🤖 AI Summary
This work addresses the challenges of aggregation bias, model drift, and high communication overhead in asynchronous decentralized federated learning caused by non-IID data, directed network topologies, and frequent communication. To this end, the authors propose PushCen-ADFL, a novel framework that integrates communication, aggregation, and local stabilization within a shared centroid representation space. The method employs a mean-preserving push-sum hybrid protocol to correct aggregation bias, introduces lightweight centroid regularization to mitigate model drift induced by data heterogeneity and asynchrony, and incorporates a sender-side deduplication buffer to enhance robustness under asynchronous conditions.
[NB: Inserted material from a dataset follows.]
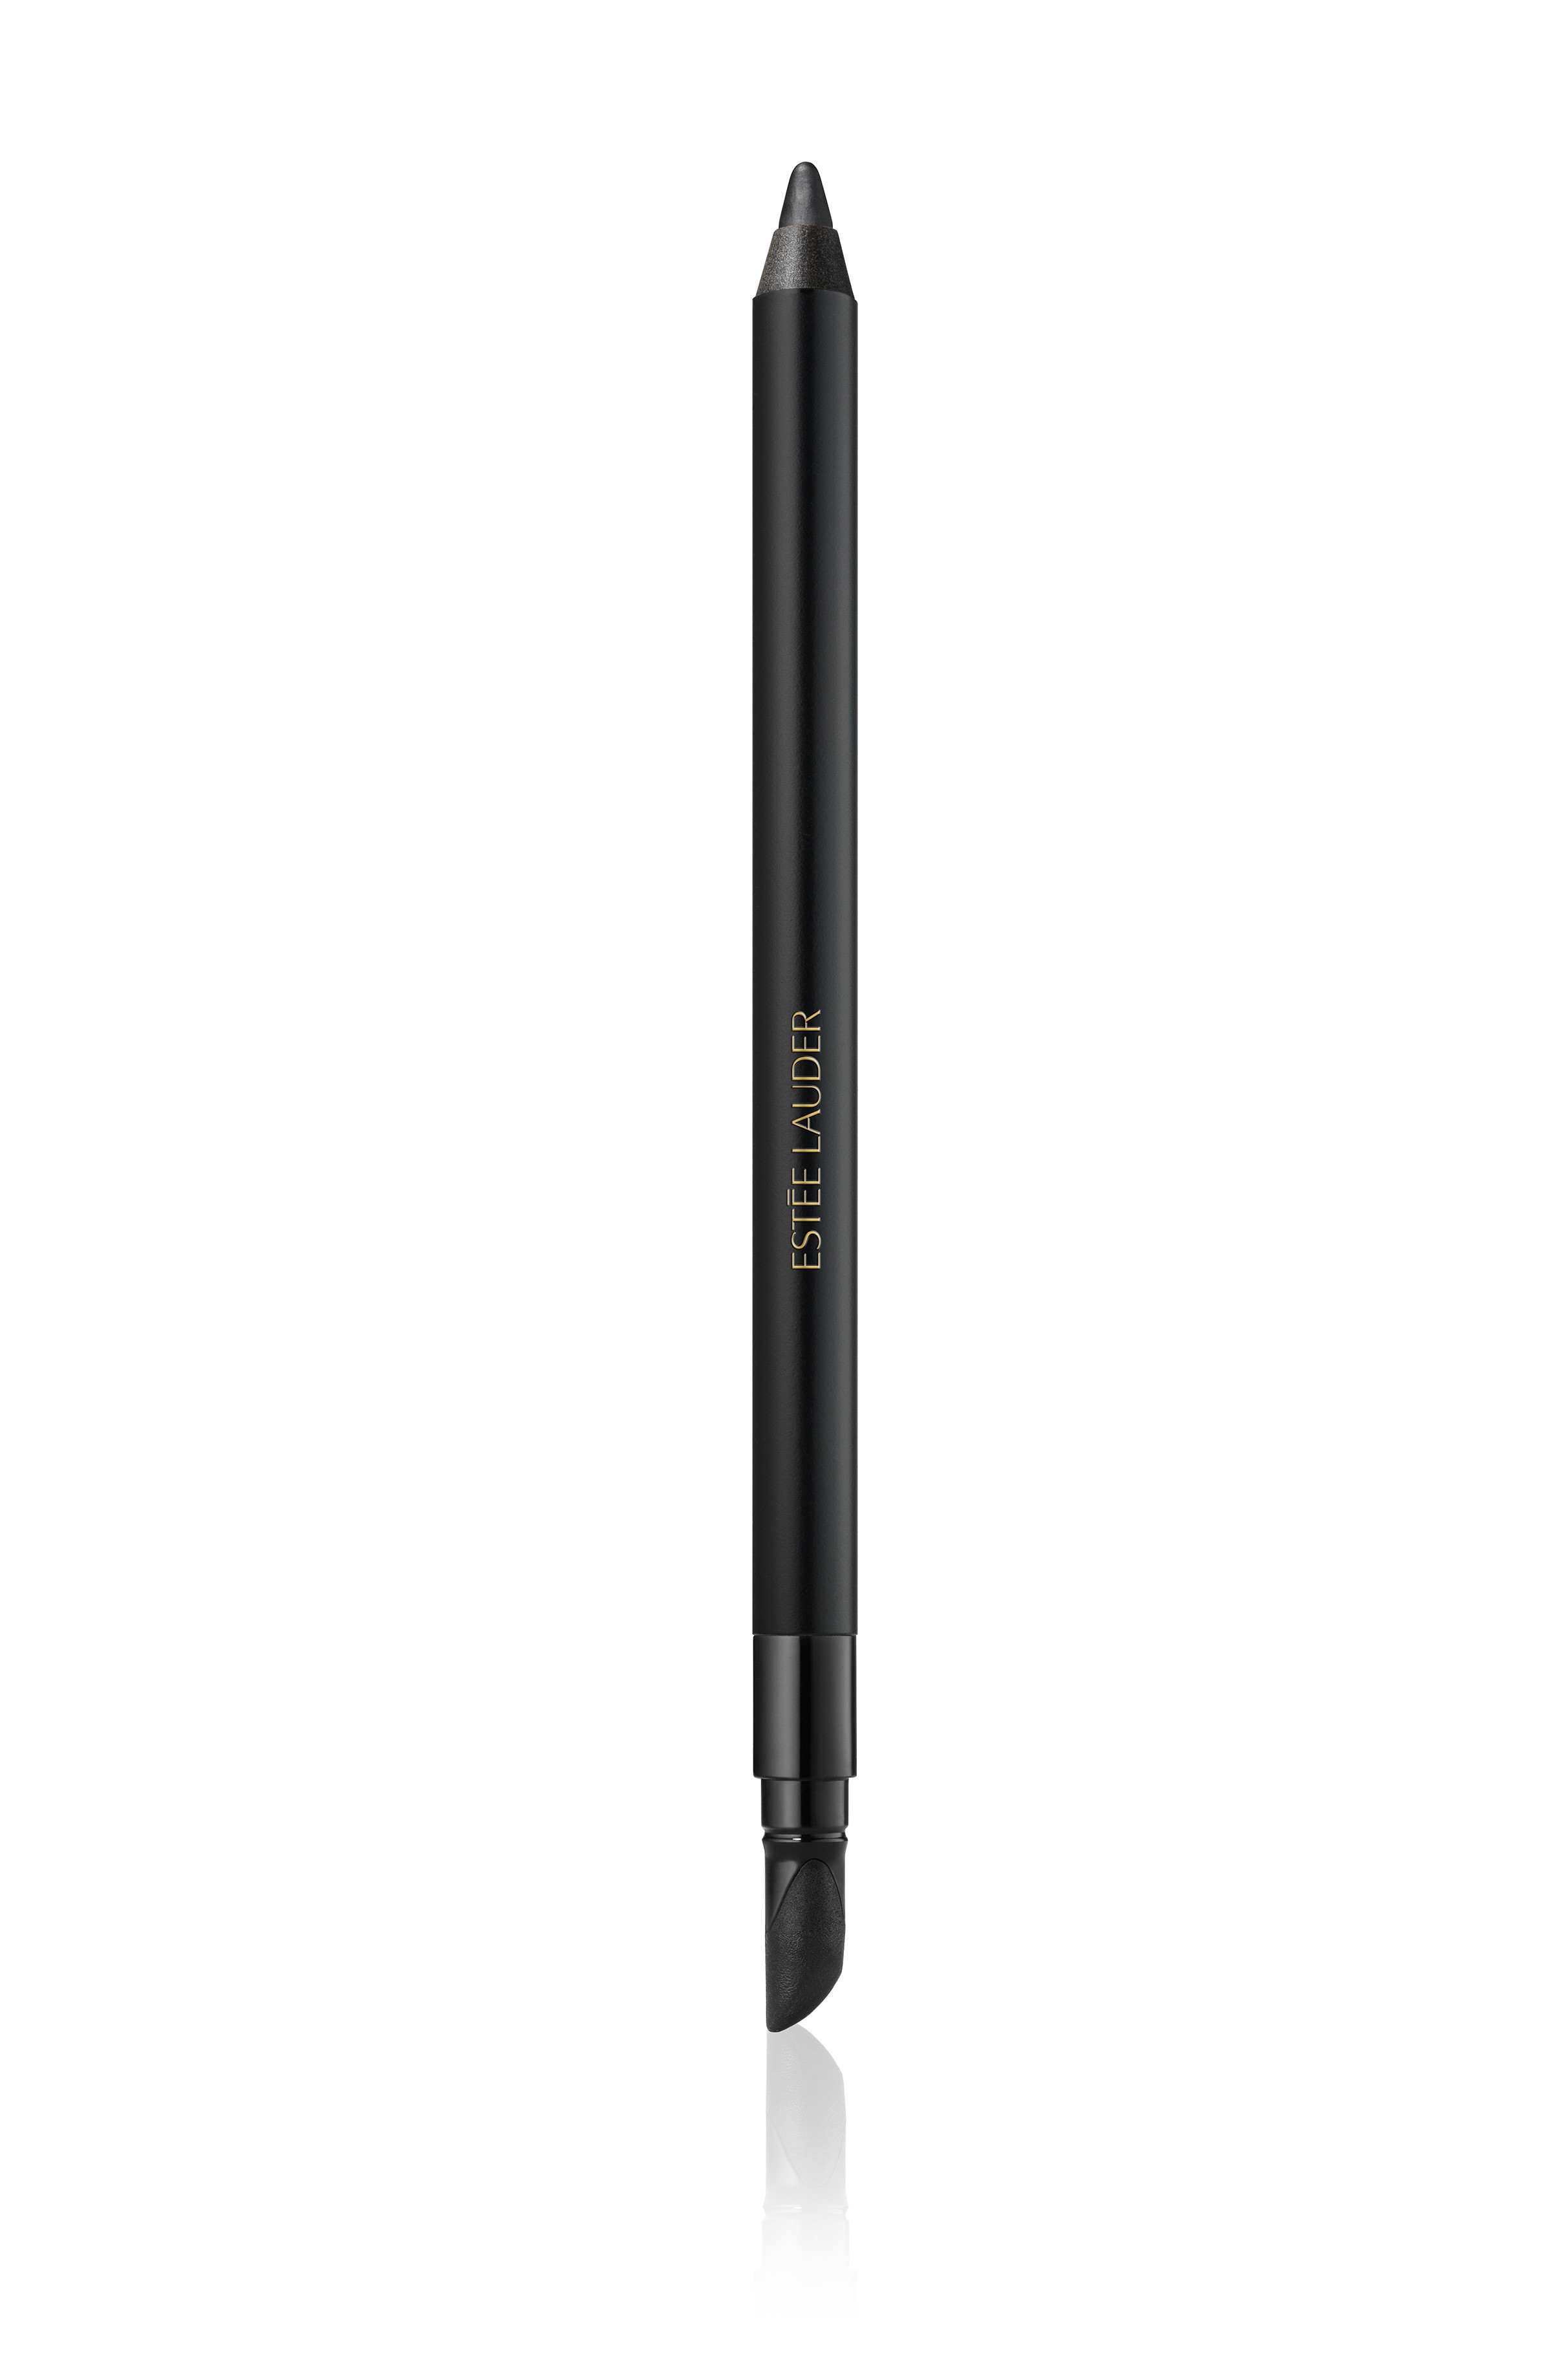 Double wear 24h waterproof gel eye pencil - 01 Onyx, Nero, large image number 0

Experimental results demonstrate that PushCen-ADFL achieves up to a 6% improvement in accuracy on vision benchmarks while reducing per-communication cost by over 80%, substantially improving the trade-off between model accuracy and communication efficiency.
📝 Abstract
Asynchronous decentralized federated learning (ADFL) eliminates central coordination and global synchronization, making it attractive for large-scale and heterogeneous systems. However, frequent peer-to-peer communication, asynchronous updates on directed topologies, and non-IID data jointly lead to excessive communication overhead, biased aggregation and severe model drift. We propose PushCen-ADFL, a communication-efficient ADFL framework that enables stable training under asymmetric communication and delayed client participation. PushCen-ADFL couples communication, aggregation, and local stabilization in a shared centroid representation space, forming a closed loop between compression and optimization. Clients exchange centroid-form messages, apply average-preserving push-sum mixing to correct aggregation bias, and use a lightweight centroid regularization anchored in the same centroid space to mitigate drift under heterogeneity and staleness. A bounded, sender-deduplicated buffer further improves robustness under irregular asynchronous arrivals. Experiments on vision datasets demonstrate that PushCen-ADFL improves accuracy under data heterogeneity by up to 6\% while reducing per-push communication cost by more than 80\%, achieving a favorable accuracy-communication trade-off.